Предисловие к английскому изданию

До внезапной кончины в своем корнуолльском доме в июне 1993 года Уильям Голдинг завершил два черновых варианта этого романа и намеревался приступить к третьему. Судя по рабочим заметкам и записям в дневнике вплоть до дня его смерти, вариант, который мы публикуем, более или менее соответствует окончательной форме романа, который он намеревался отправить своим издателям осенью того года. Почти наверное он был бы длиннее, как и второй, менее завершенный вариант, но, судя по записям и его заметкам на страницах рукописи, образ самой Пифии был, видимо, практически завершен.
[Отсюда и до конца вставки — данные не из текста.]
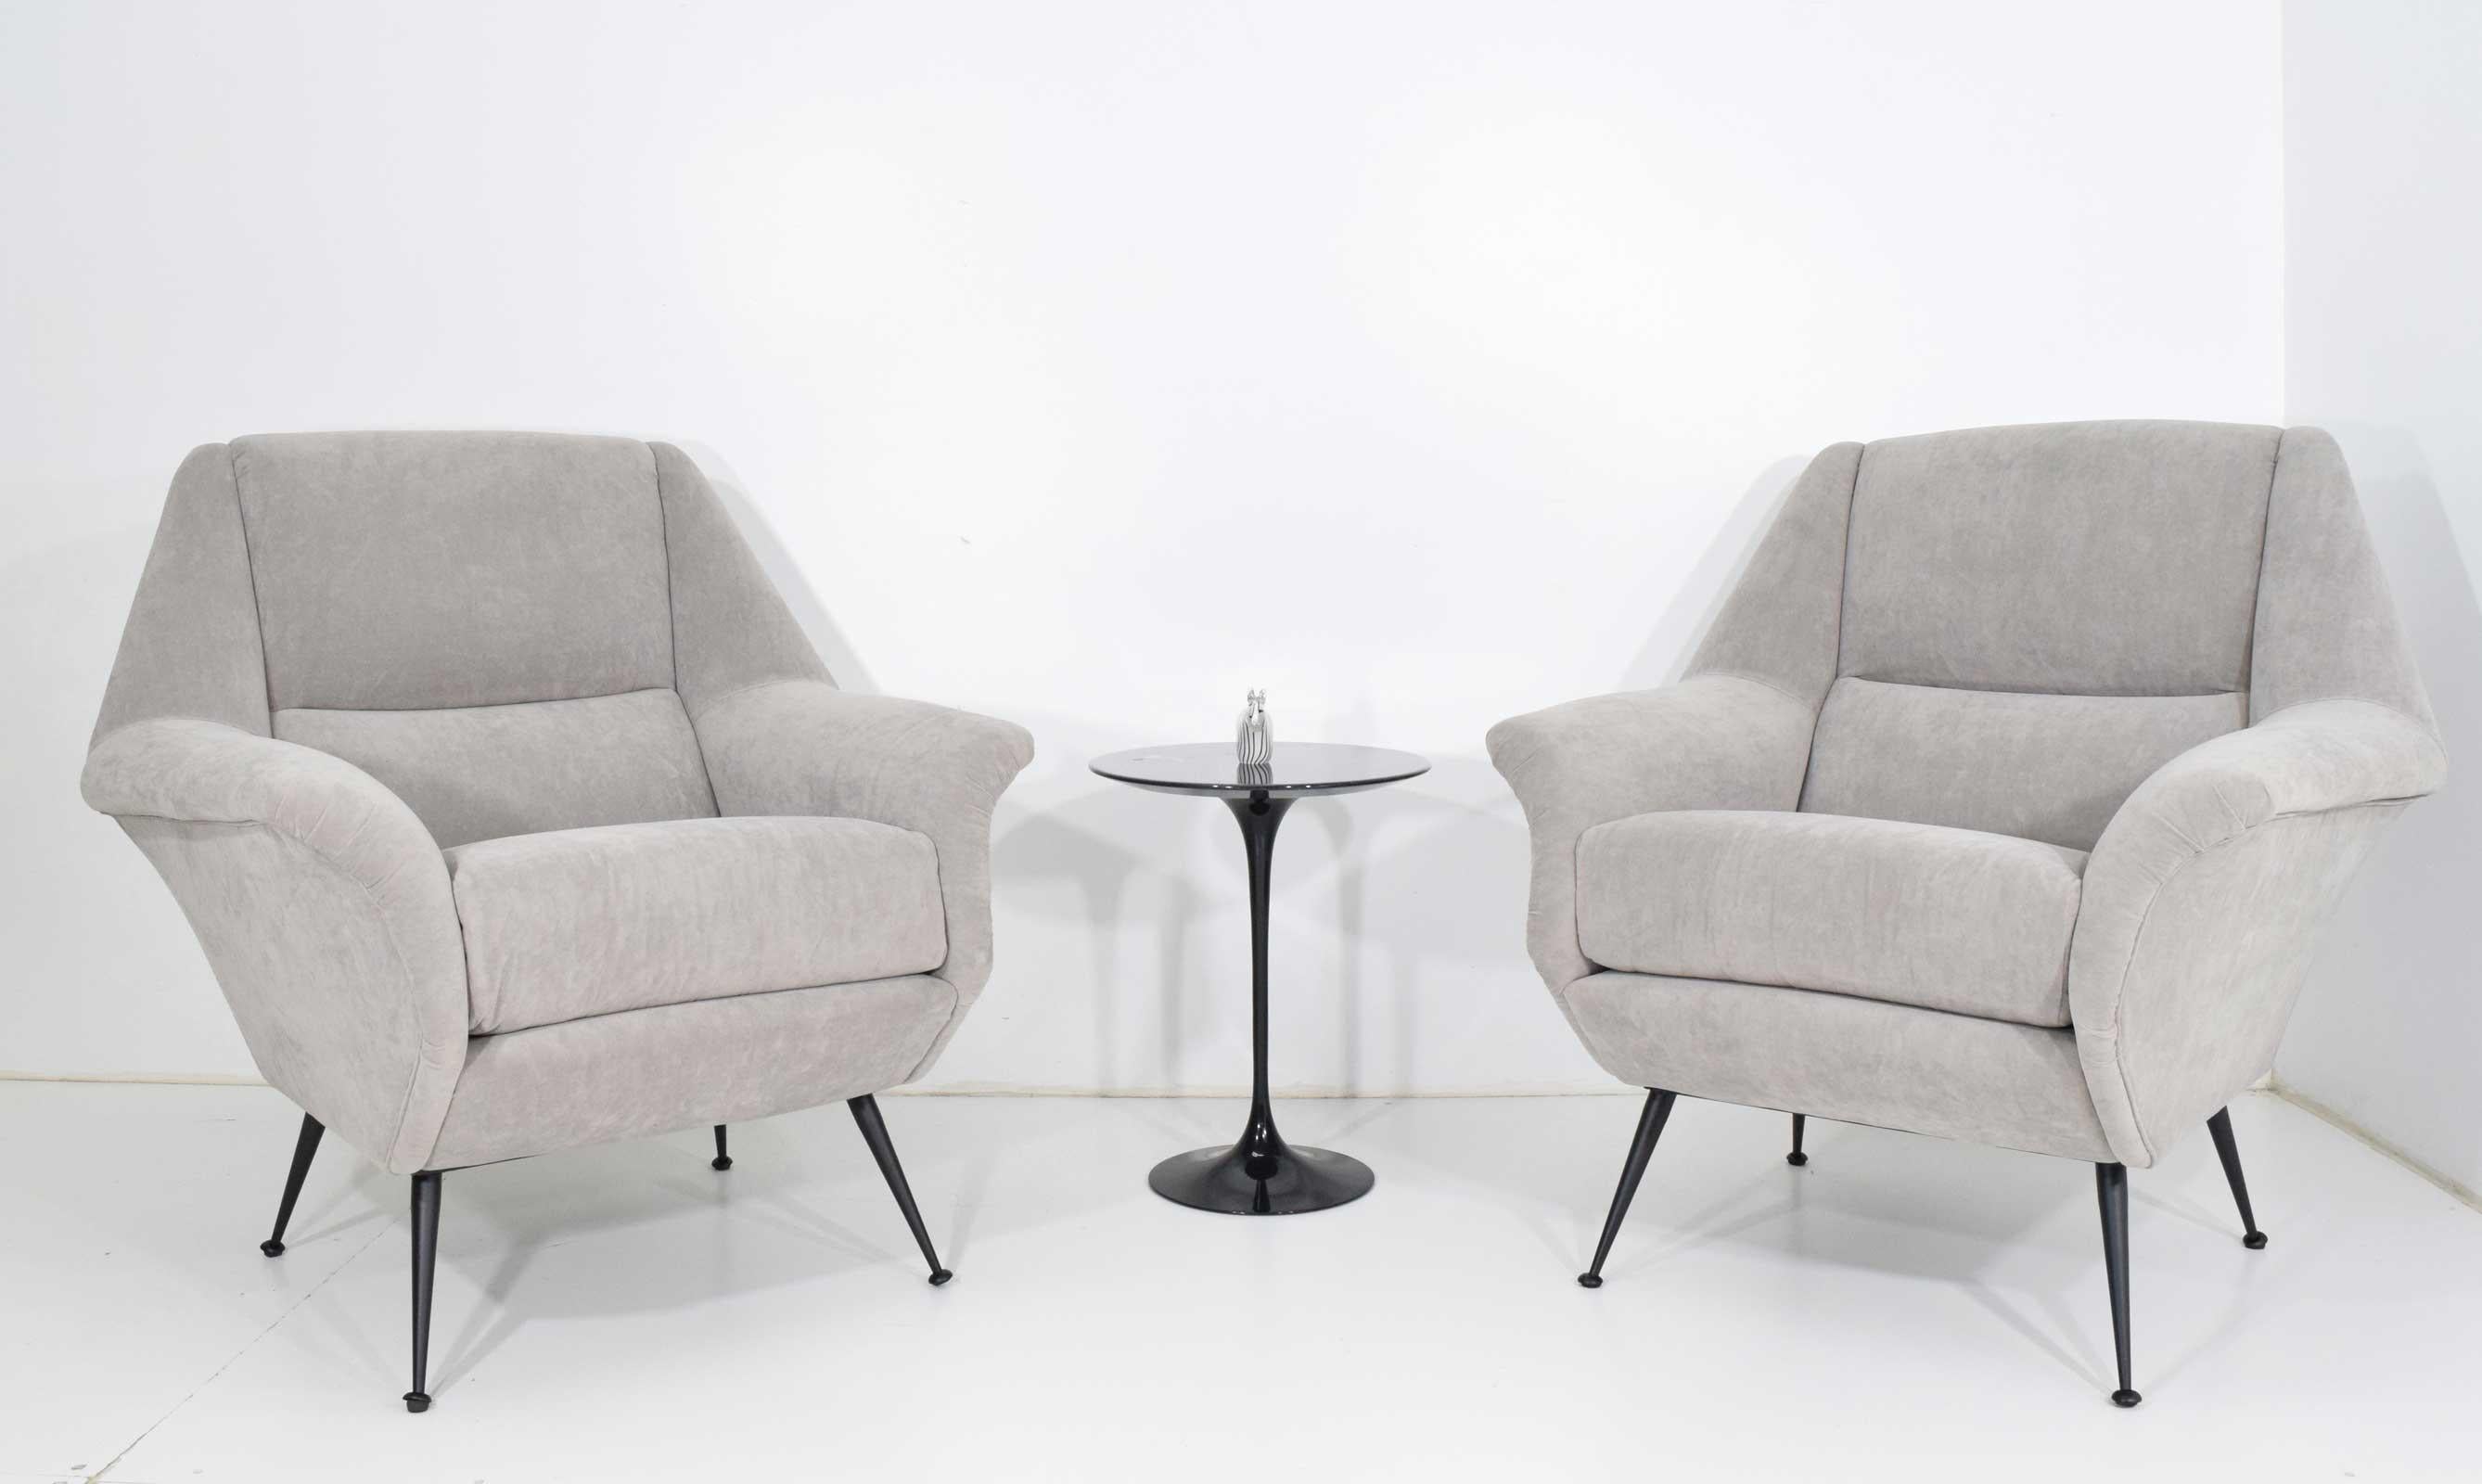 Italian Gigi Radice lounge chairs in a pale gray microfiber. These can be reupholstered to open up the back and eliminate the seat cushion.

Начало он переписывал несколько раз, и здесь мы выбрали один из наиболее поздних вариантов первых страниц, найденных в его бумагах. Кроме леди Голдинг, которой он читал отрывки о знакомстве Пифии с книгохранилищем, он никого с рабочими текстами не знакомил. Оба варианта он напечатал сам. Название «Двойной язык» было выбрано редактором из нескольких других, написанных его рукой в начале рукописей. В своем дневнике он на протяжении полугода, пока писал эту книгу, пользовался то одним, то другим из этих названий.

I

Слепящий свет и тепло, неразличимые в самопознании. Вот! Я сумела. То есть насколько у меня получилось. Память. Память до памяти? Но времени же не существовало, оно даже не подразумевалось. Так как же она могла быть до или после, раз это не было похоже ни на что другое – отдельное, четкое, само по себе. Ни слов, ни времени, ни даже "я", эго – ведь, как я пытаюсь объяснить, тепло и слепящий свет самопознавались, если вы меня понимаете. Но, конечно, понимаете! Что-то от качества обнаженной сущности без времени и видимости (слепящему свету вопреки), и ничто не предшествовало, и ничто не последовало. Отторжено от преемственности, иными словами, я полагаю, это могло произойти в любой миг моего времени – или вовне его!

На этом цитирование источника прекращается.